Instructions for the task:
Restate word for word the lines below that run from the one holding "Nike Air Rebrand - Brian Metcalf" through the one holding "Kultuuriminister Lukas alaliidu", inclusive. Pictures don't belong in the copy.

Records provided:
Segment Open
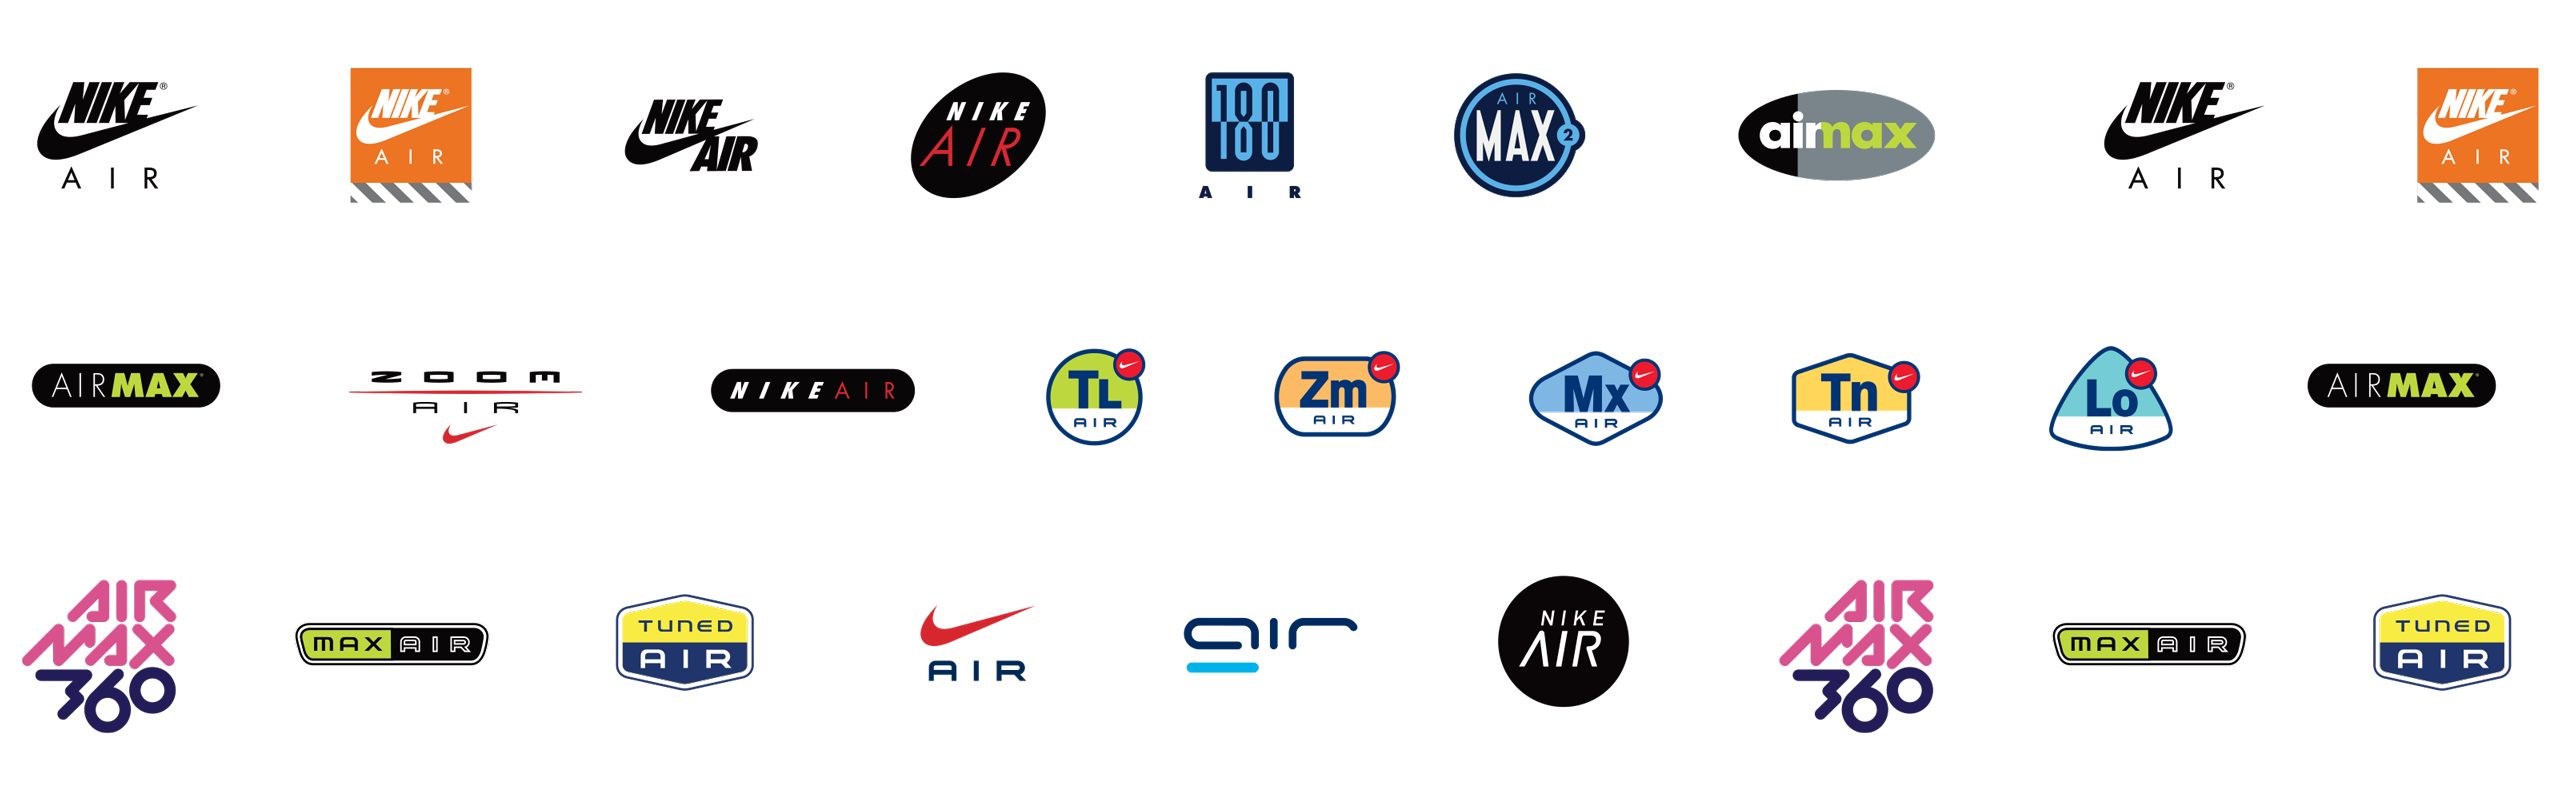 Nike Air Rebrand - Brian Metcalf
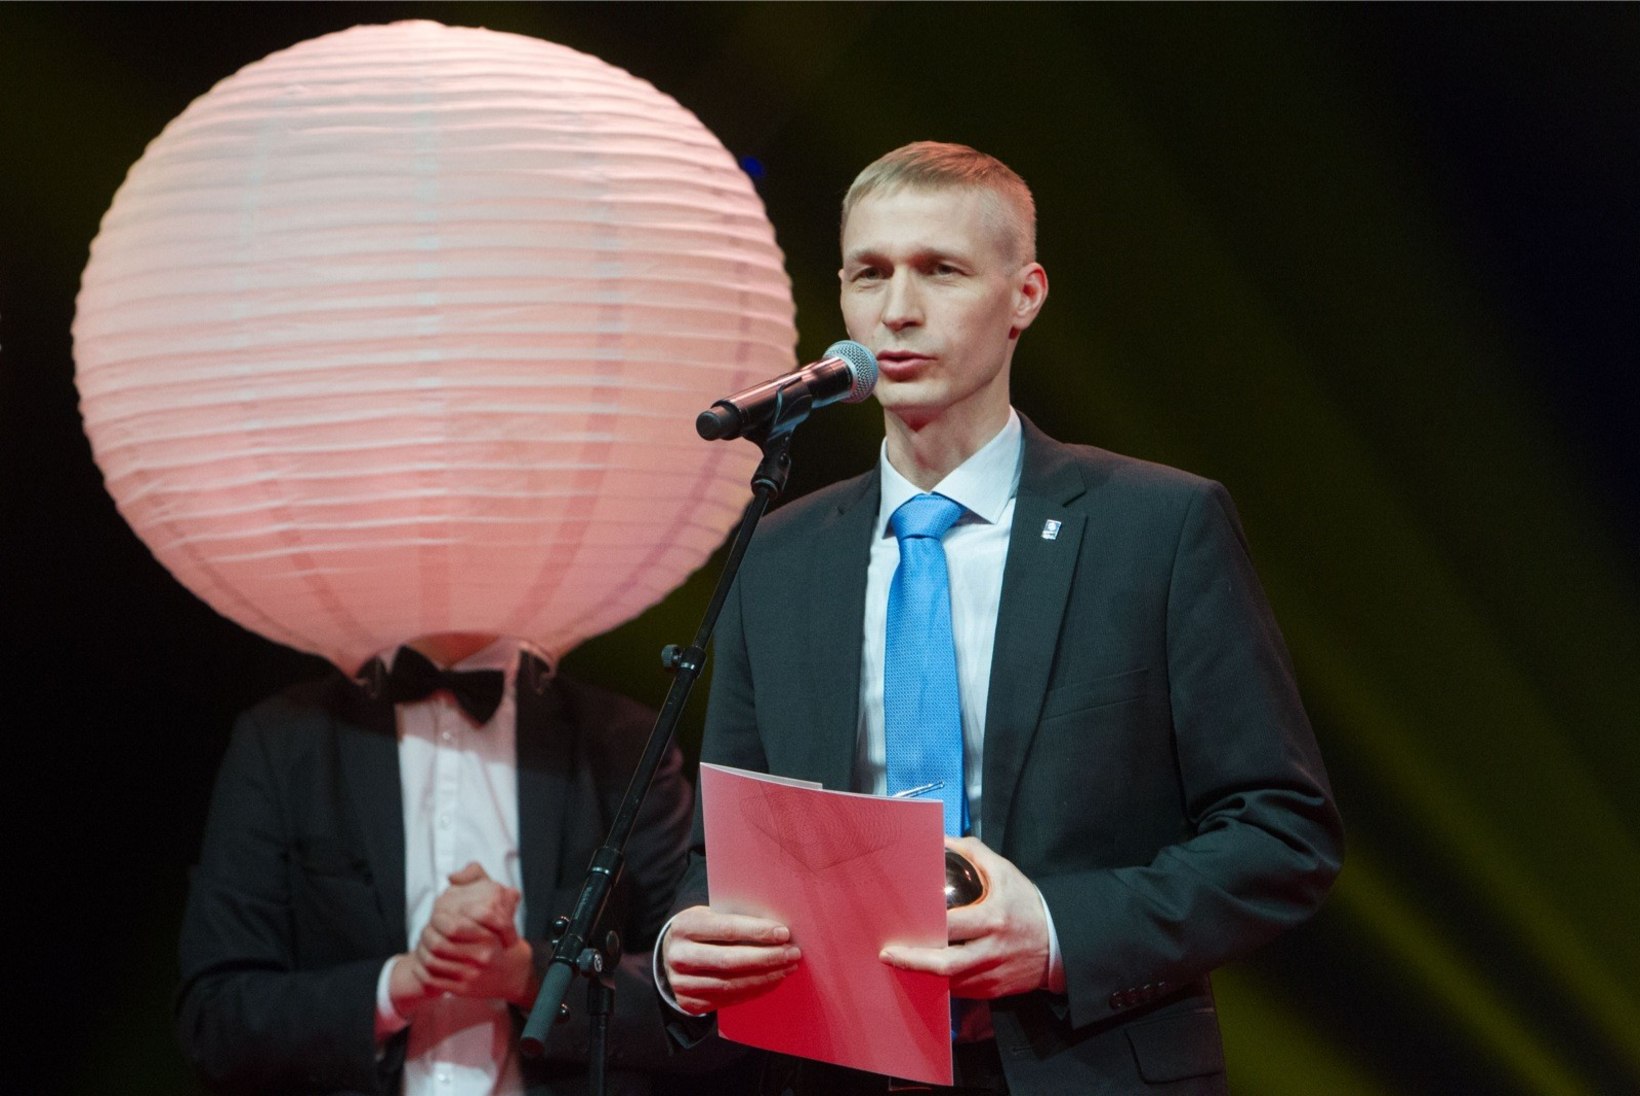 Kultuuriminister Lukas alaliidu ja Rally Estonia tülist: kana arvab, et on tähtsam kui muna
Segment Closed
Segment Open
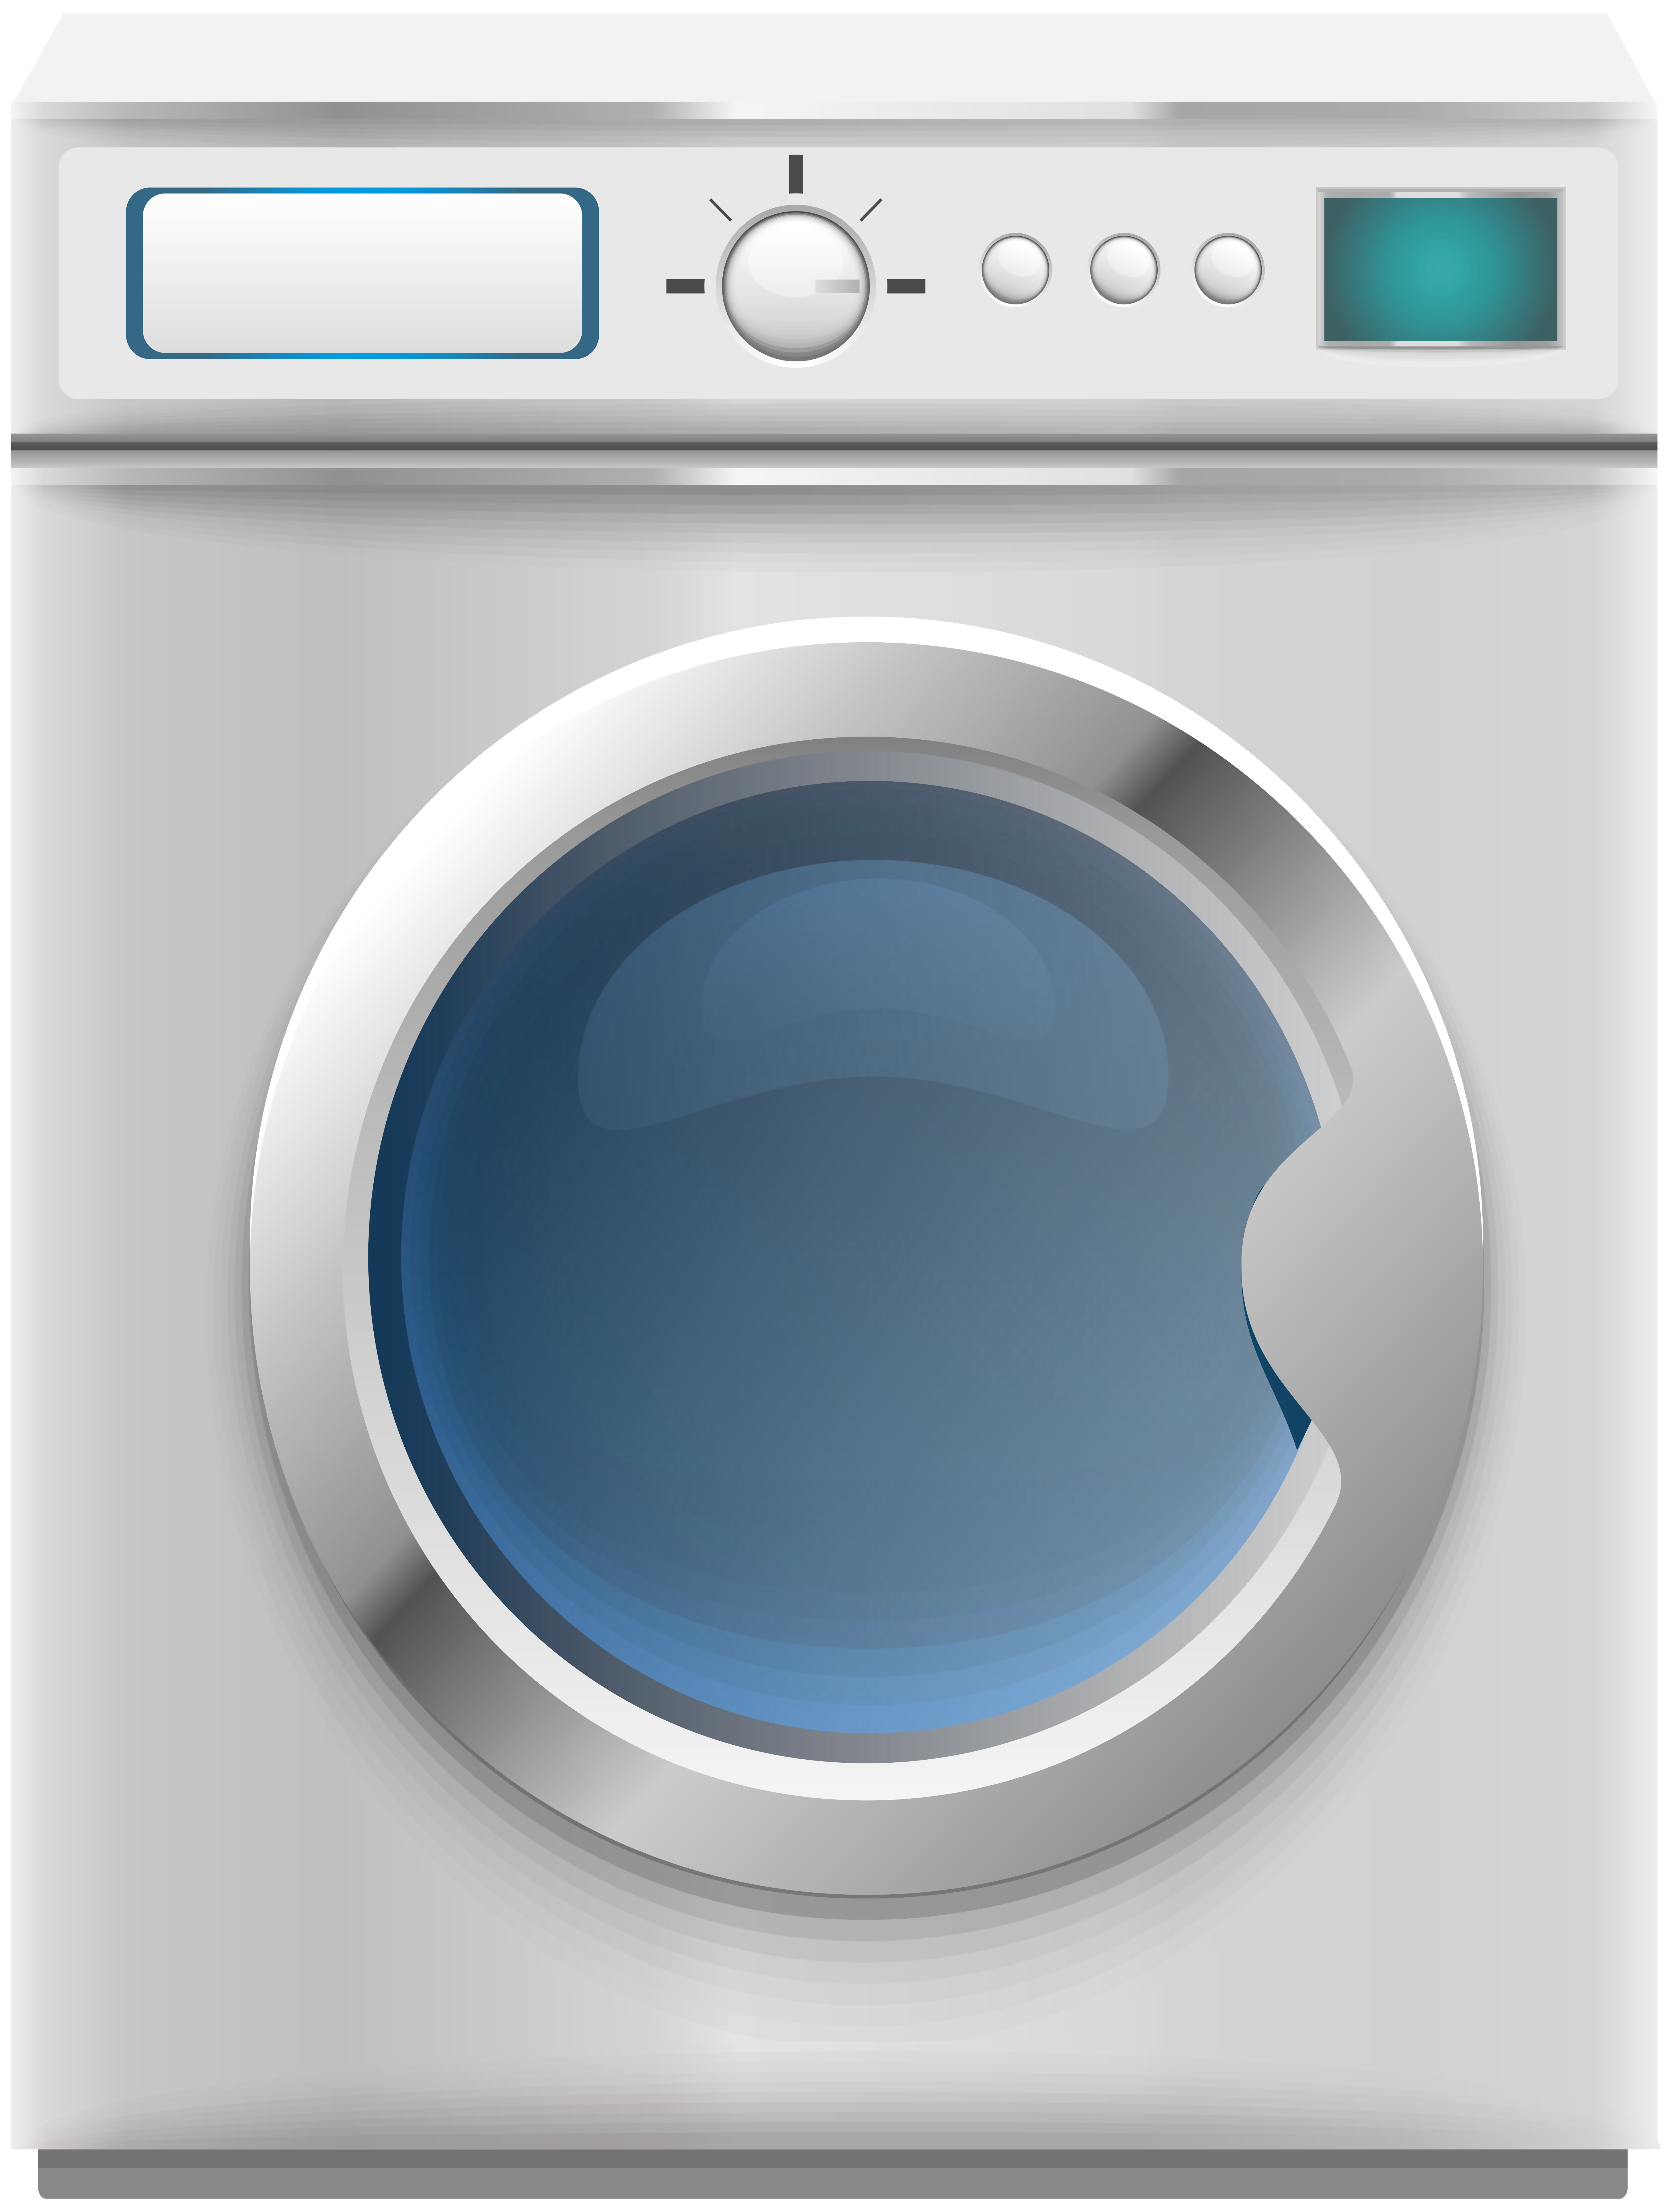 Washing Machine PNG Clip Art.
Segment Closed
Segment Open
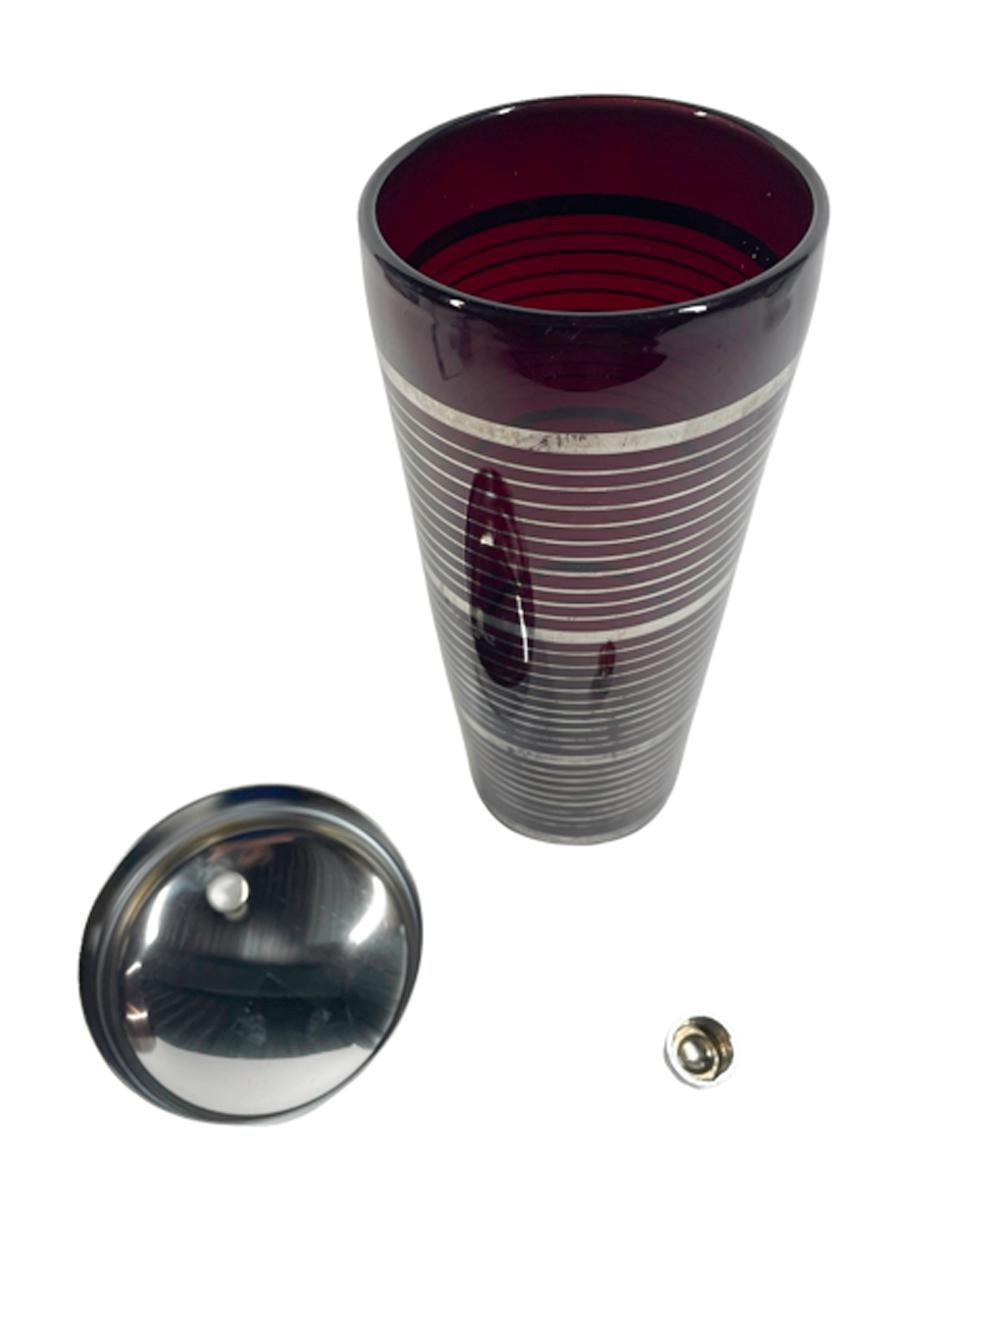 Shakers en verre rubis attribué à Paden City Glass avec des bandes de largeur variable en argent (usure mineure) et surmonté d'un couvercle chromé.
Segment Closed
Task answer:
 Nike Air Rebrand - Brian Metcalf
 Kultuuriminister Lukas alaliidu ja Rally Estonia tülist: kana arvab, et on tähtsam kui muna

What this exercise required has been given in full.